GitHunt
MR

MrDoppelganger/UTFSM-INF280-Computational-Statistics

Academic repository for INF-280 Computational Statistics at UTFSM. Features Exploratory Data Analysis (EDA), Statistical Inference, Hypothesis Testing, and Regression Models using Python and Jupyter Notebooks.

Computational Statistics (INF-280)

University: Universidad Técnica Federico Santa María (UTFSM)
Program: Civil Engineering in Informatics
Course: Estadistica Computacional (INF-280) [2° Semester/2025]


📄 Overview

This repository contains the laboratory assignments and practical coursework developed for the
ComputationalStatistics (INF-280) course. The primary objective of this coursework was to apply statistical
concepts and probability theory to solve engineering problems, utilizing computational tools for data analysis
and inference.

The projects focus on the full data analysis lifecycle: from Exploratory Data Analysis (EDA) and visualization
to advanced Statistical Inference and Regression Modeling.

🧪 Laboratory Assignments

The coursework is divided into practical laboratories implemented in Jupyter Notebooks, covering the following
course units:

Lab 1: Exploratory Data Analysis (EDA)

Focuses on Descriptive Statistics to summarize and visualize data characteristics.
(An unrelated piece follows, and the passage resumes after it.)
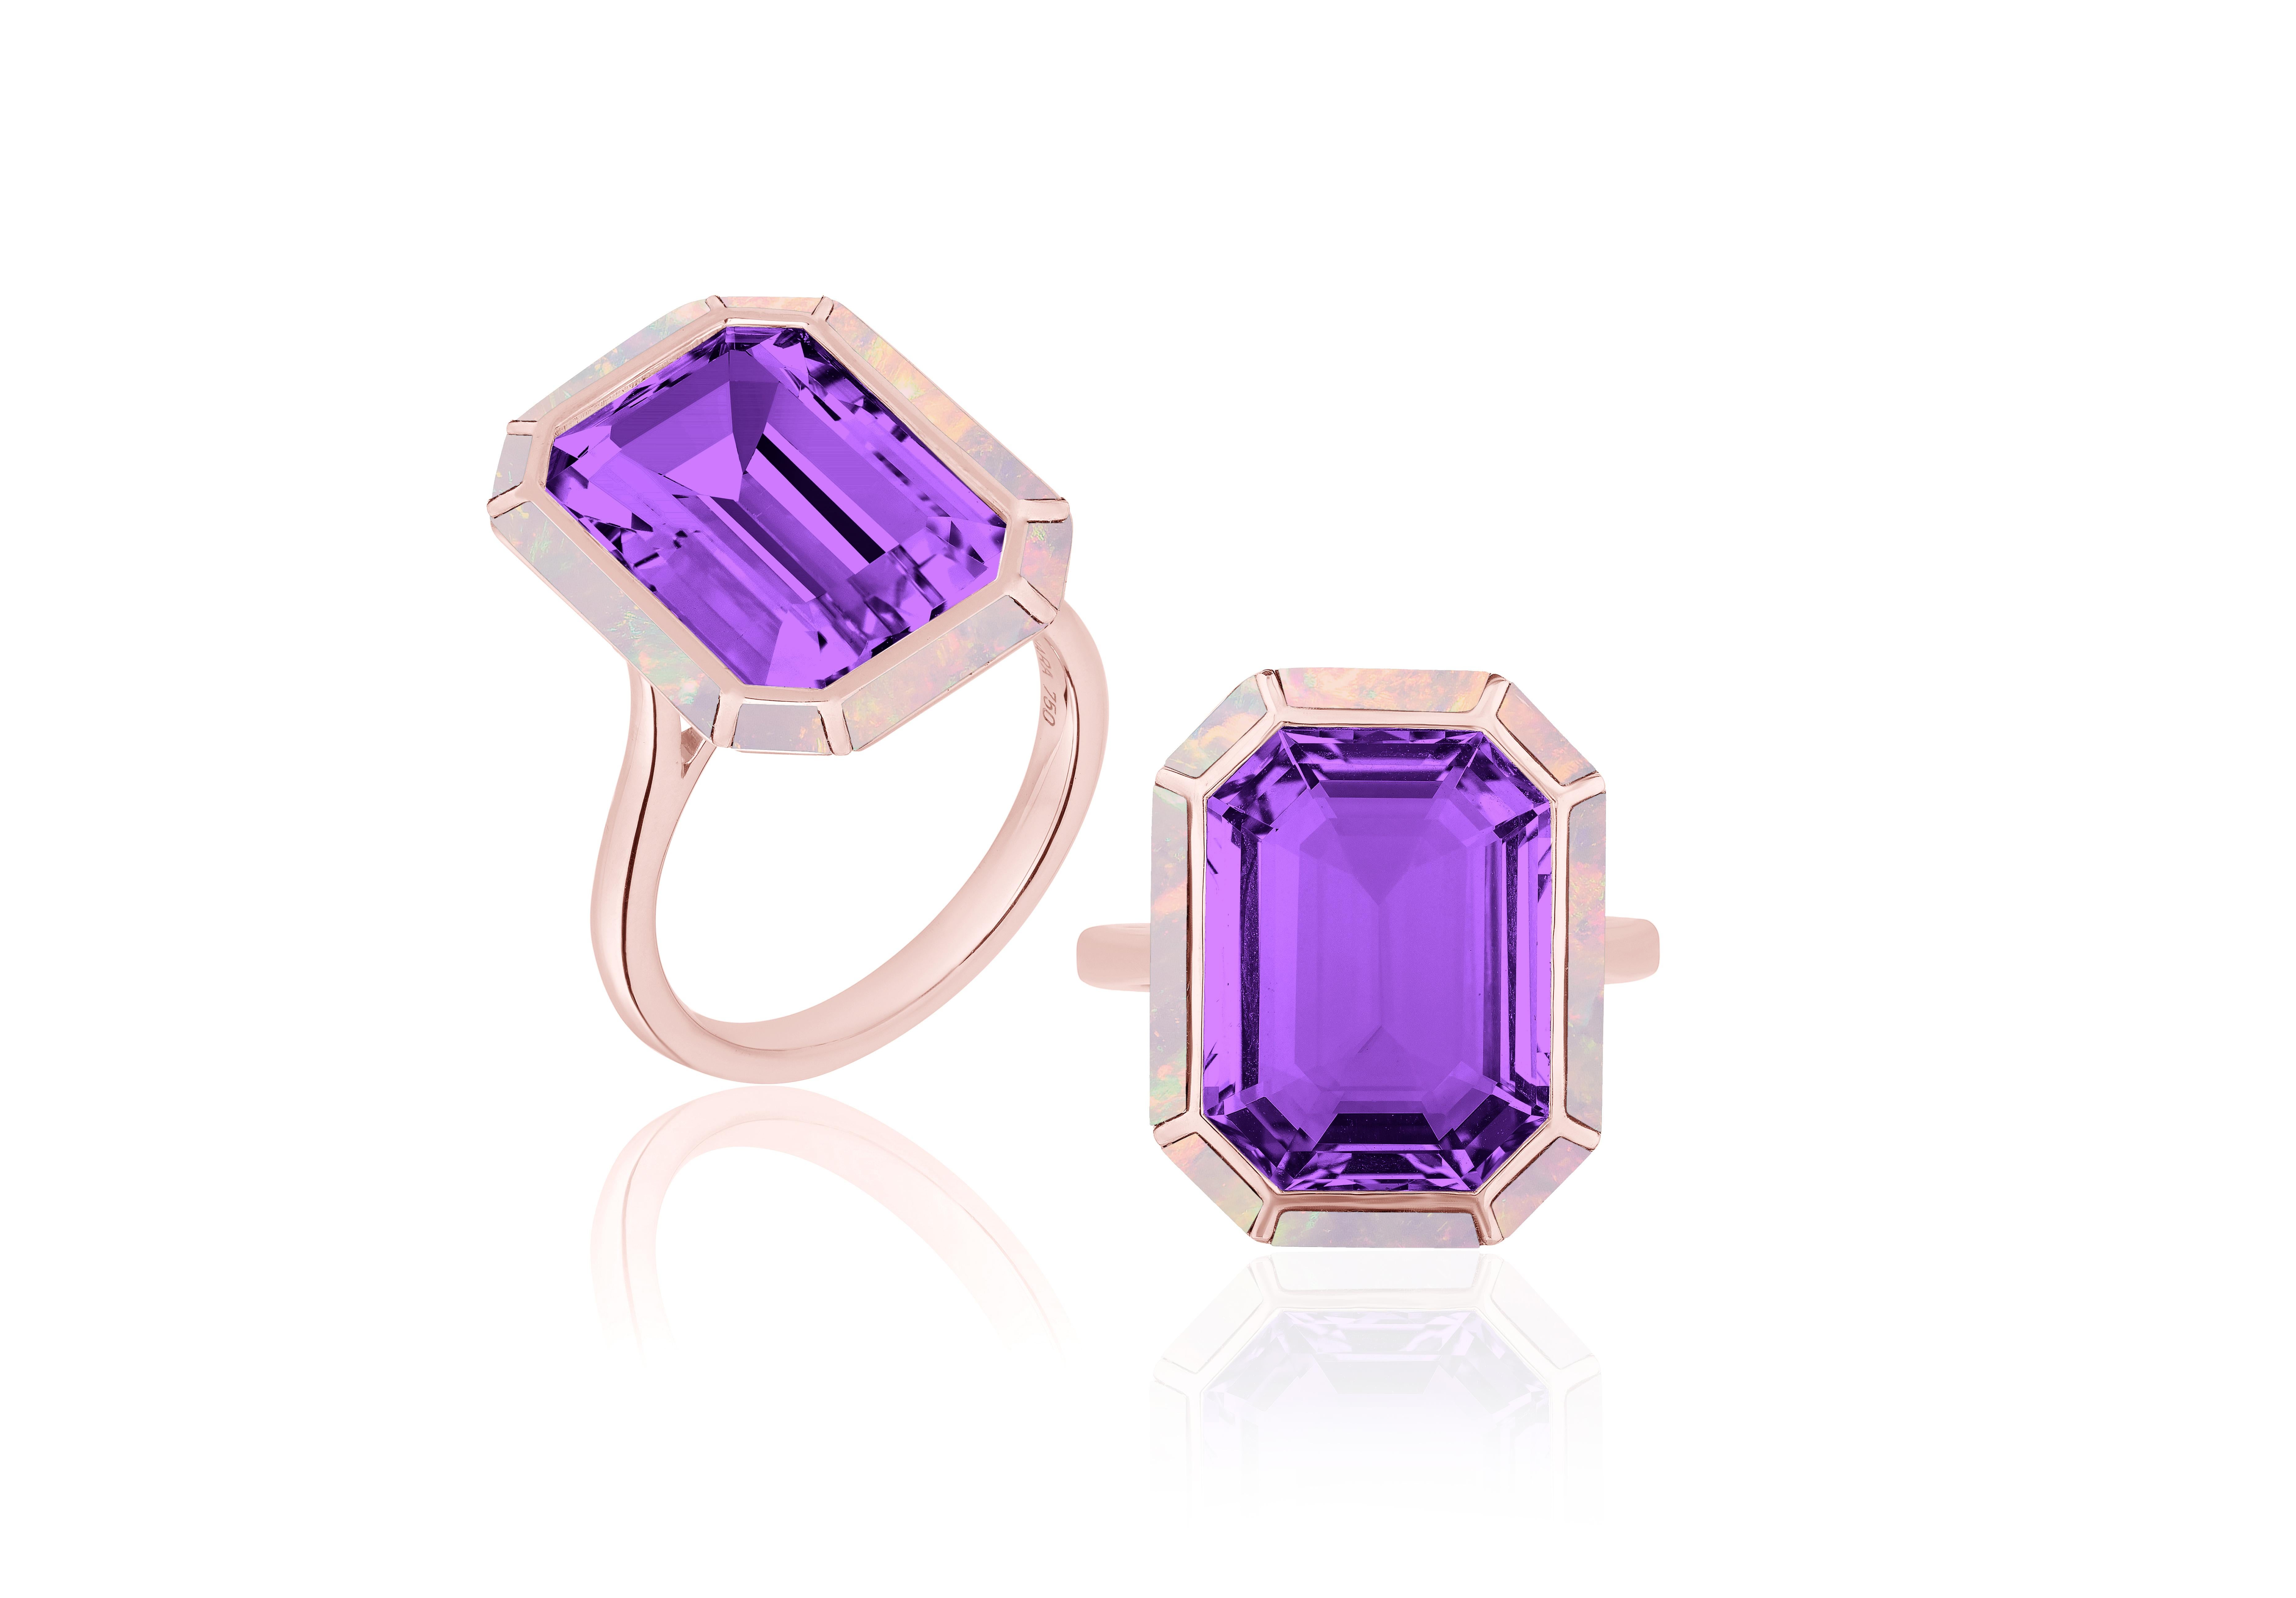 This Amethyst & Pink Opal Emerald Cut Ring is a stunning piece of jewelry from the 'Melange' Collection, crafted in 18K Rose Gold. The ring features a beautiful emerald-cut Amethyst stone with a Pink Opal stone border. The combination of the rich
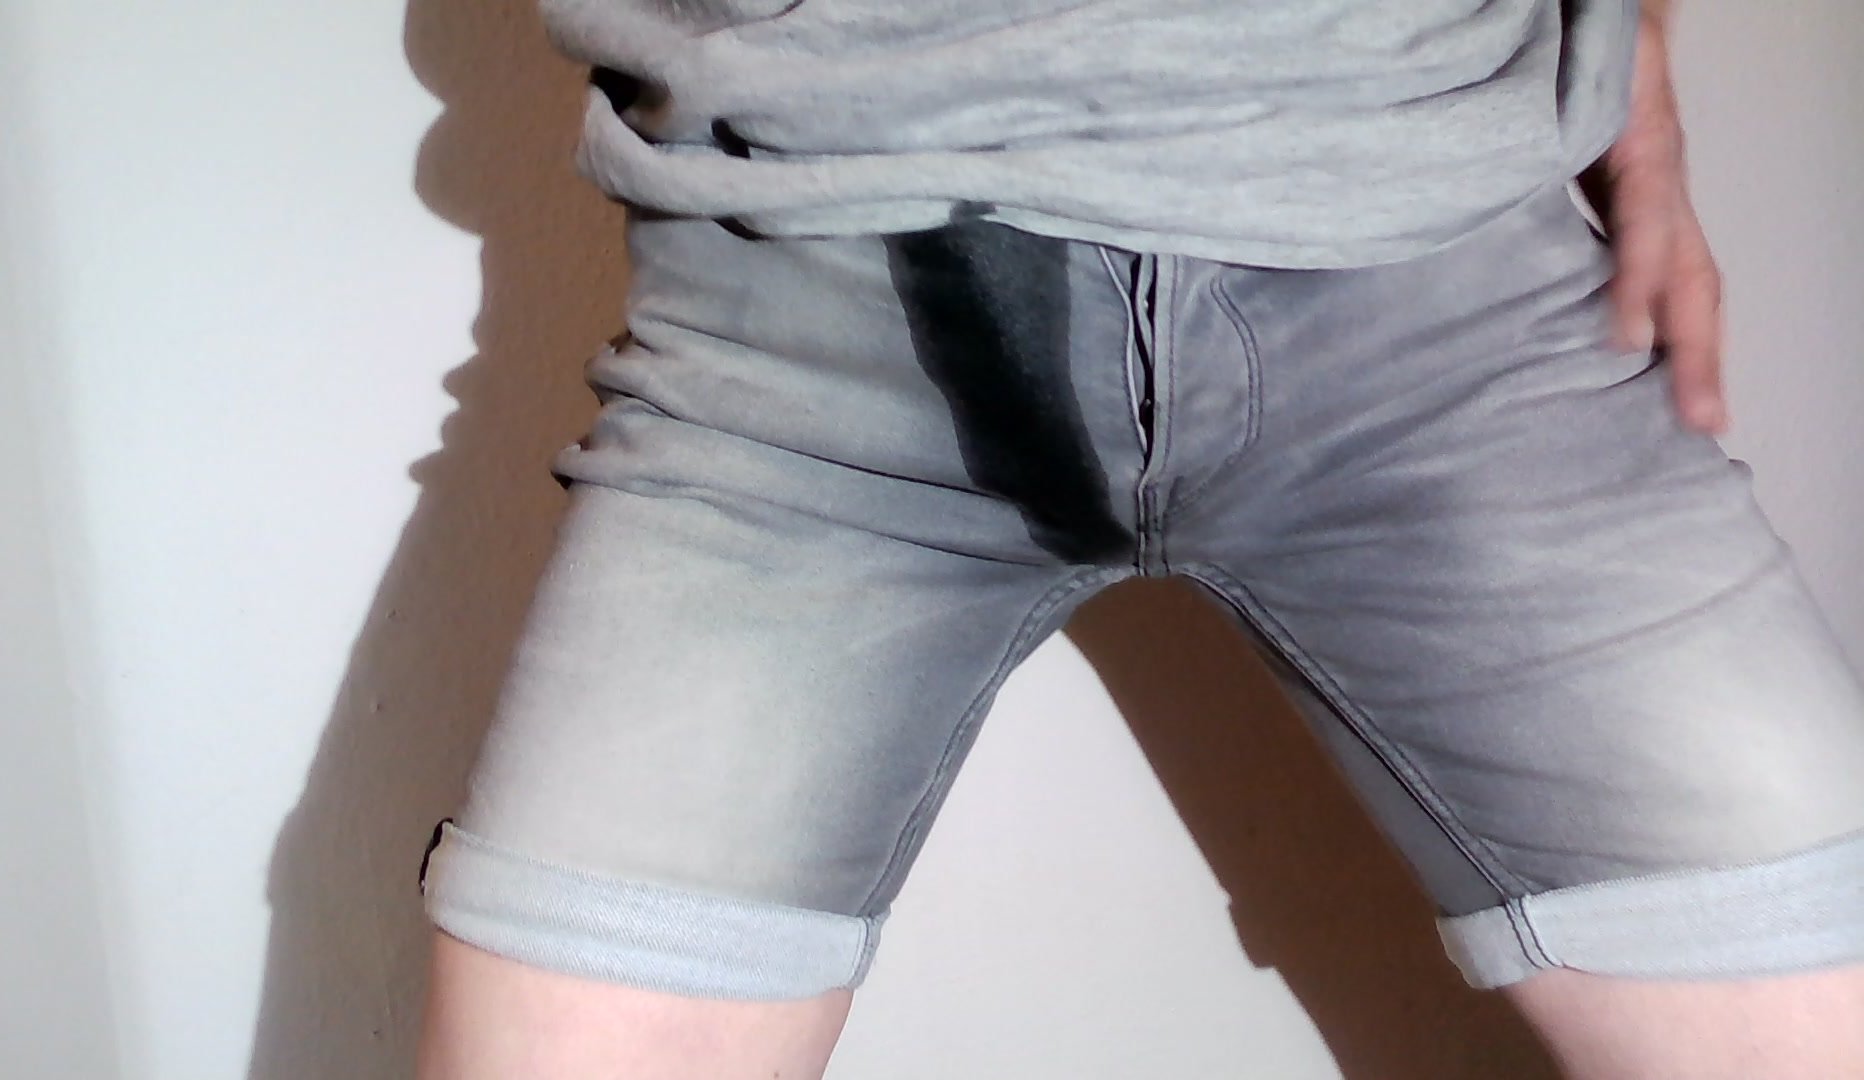 Pissing some tight and smooth J&J Shorts.

  • key Concepts: Data cleaning, measures of central tendency and dispersion, and distribution visualization
    (histograms, boxplots).
  • Goal: To obtain preliminary insights and detect patterns or anomalies in raw datasets.

Lab 2: Probability & Statistical Inference

Centers on probability distributions and the foundations of inferential statistics.

  • Key Concepts: Random variables, probability density functions, sampling distributions, and confidence
    intervals.
  • Goal: To estimate population parameters based on sample data and assess the reliability of these
    estimates.

Lab 3: Hypothesis Testing & Regression Models

Applies advanced inference techniques and predictive modeling.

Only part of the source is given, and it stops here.